● Work required: Look through the data below for the line with "Brenta Olive Pants" and the line with "1 of a set of", then transcribe exactly from the first through the second, leaving out all pictures.

● Listed entries:
►

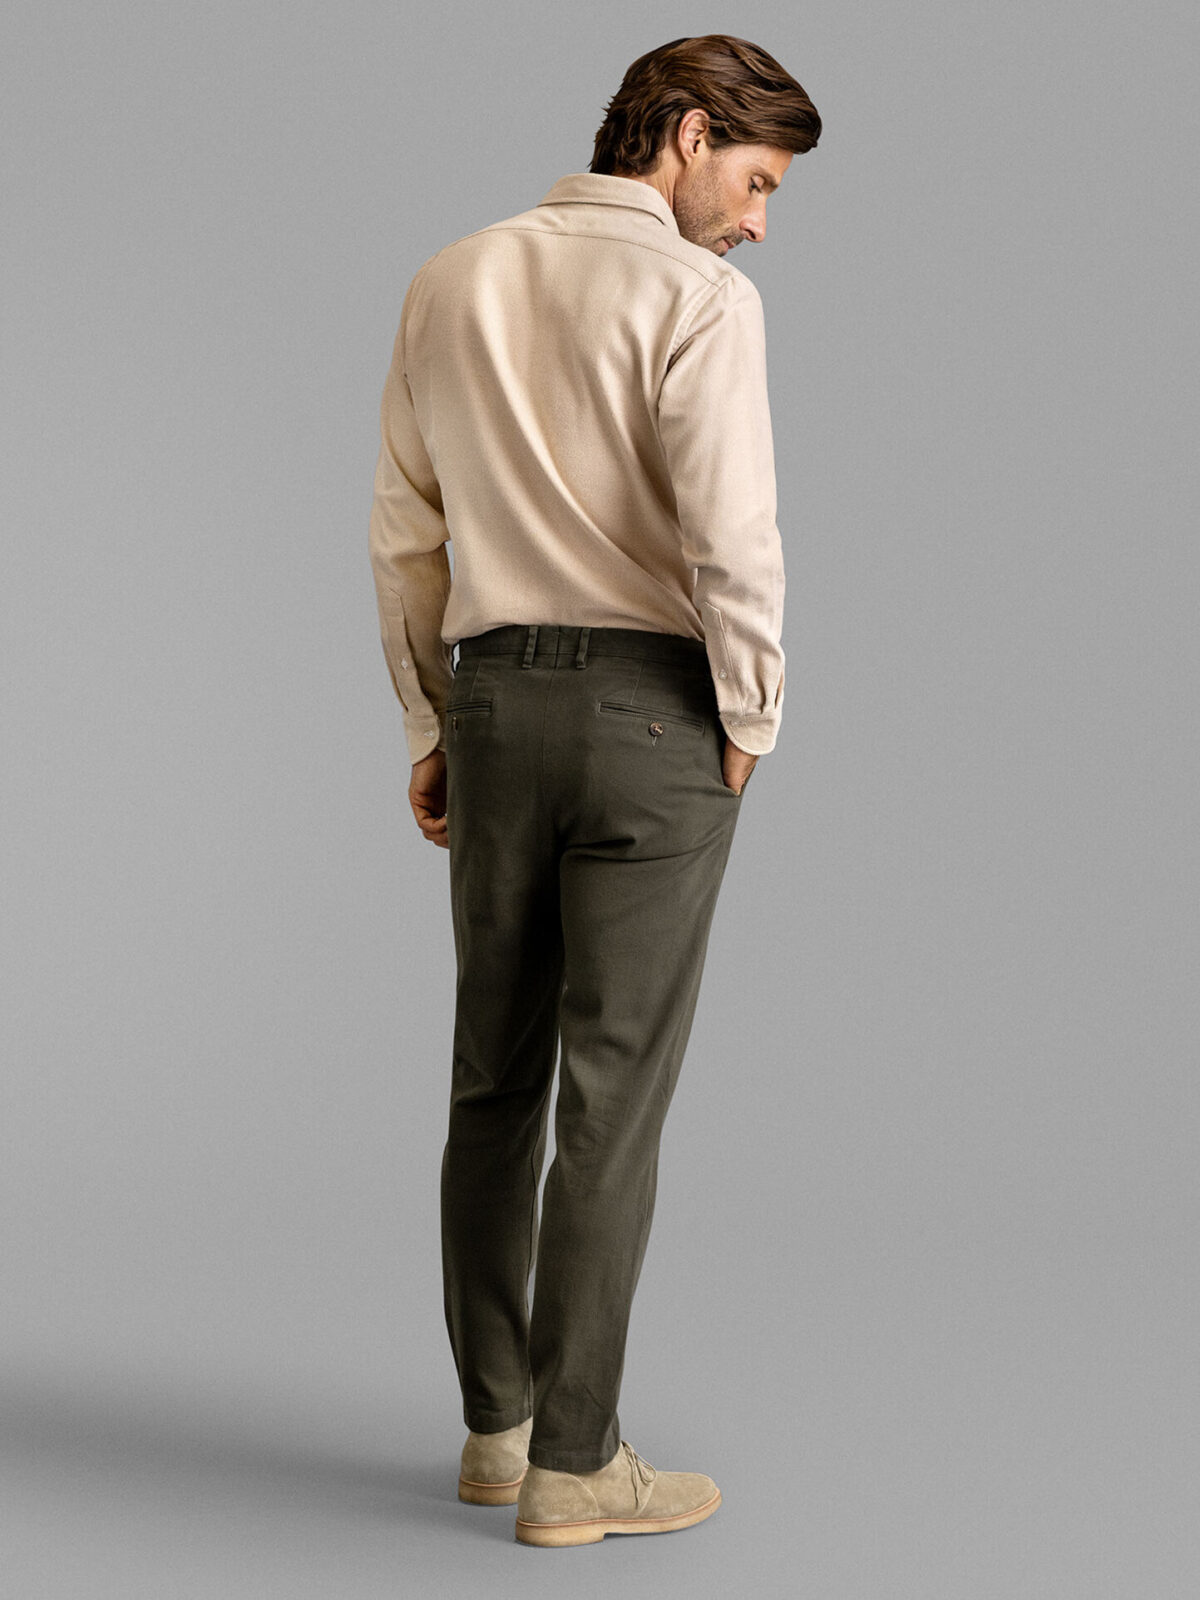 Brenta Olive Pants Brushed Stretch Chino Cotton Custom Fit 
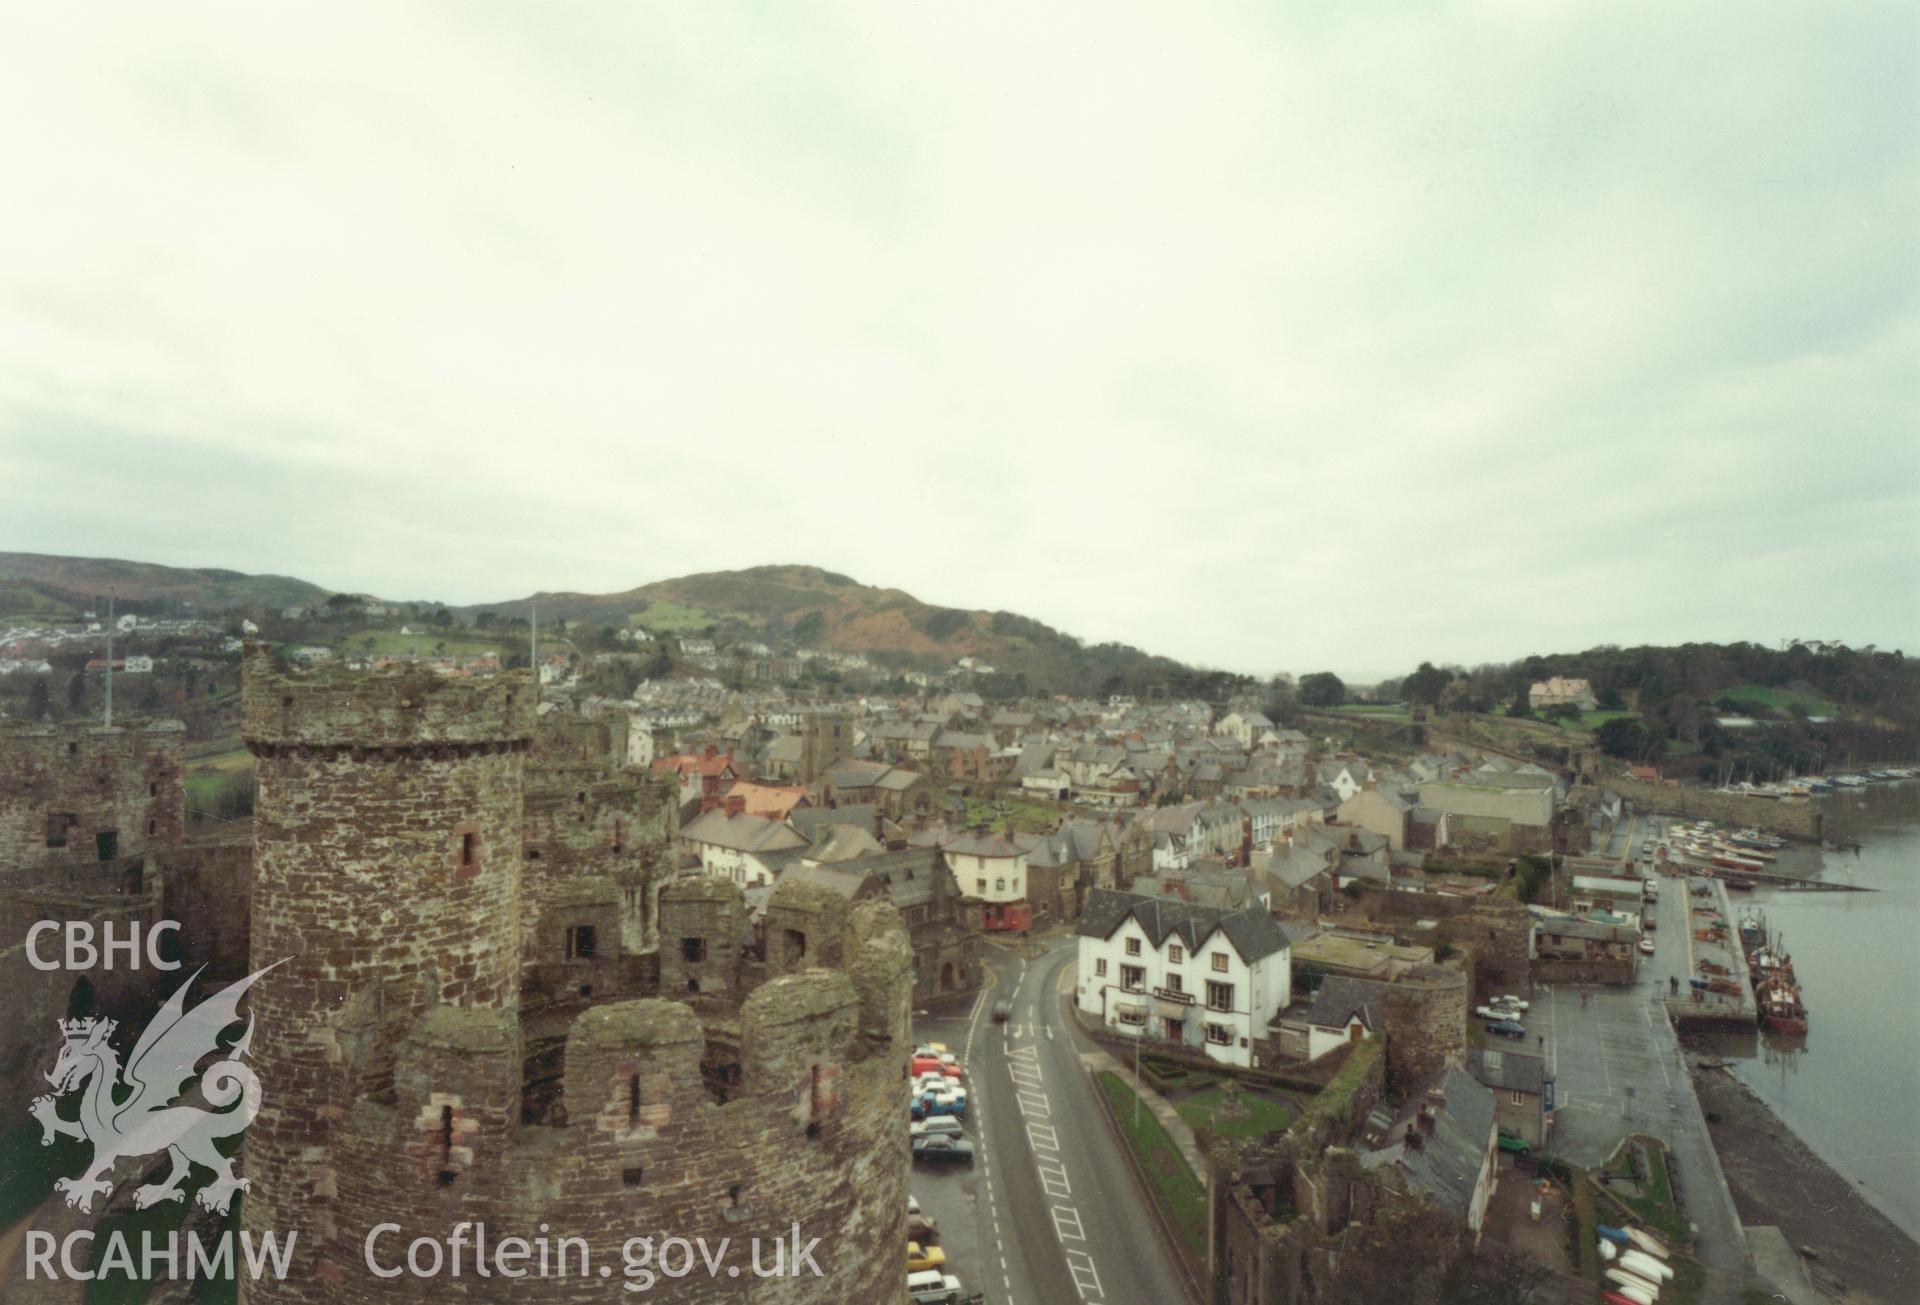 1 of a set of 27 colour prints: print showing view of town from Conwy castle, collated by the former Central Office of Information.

◄
►

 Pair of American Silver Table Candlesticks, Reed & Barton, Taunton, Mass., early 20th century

◄
►

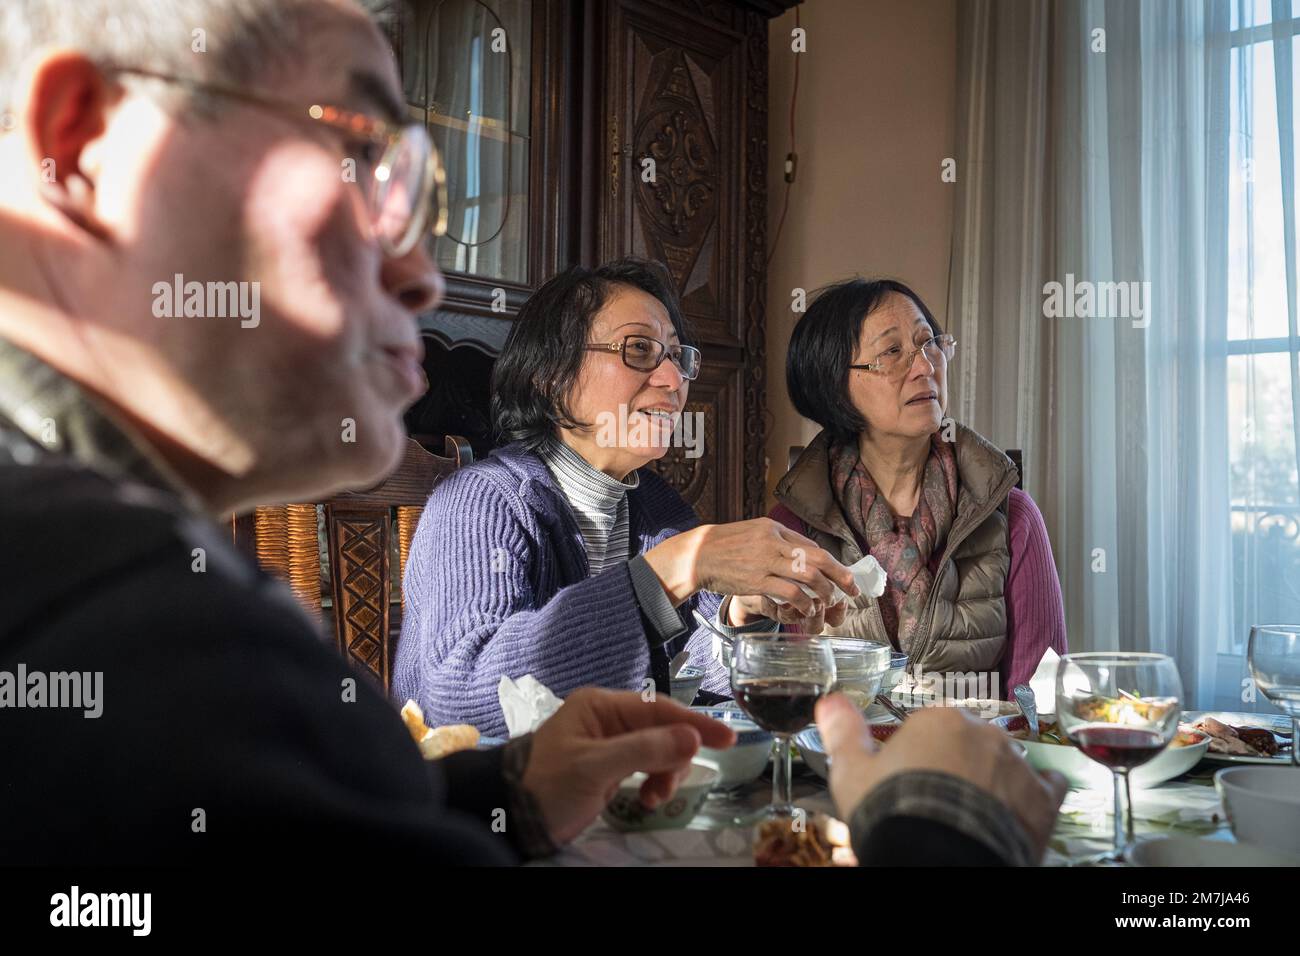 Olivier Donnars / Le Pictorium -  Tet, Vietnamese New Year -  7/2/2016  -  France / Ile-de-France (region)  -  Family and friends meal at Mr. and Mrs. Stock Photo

◄

● Reply to the exercise:
 Brenta Olive Pants Brushed Stretch Chino Cotton Custom Fit 
 1 of a set of 27 colour prints: print showing view of town from Conwy castle, collated by the former Central Office of Information.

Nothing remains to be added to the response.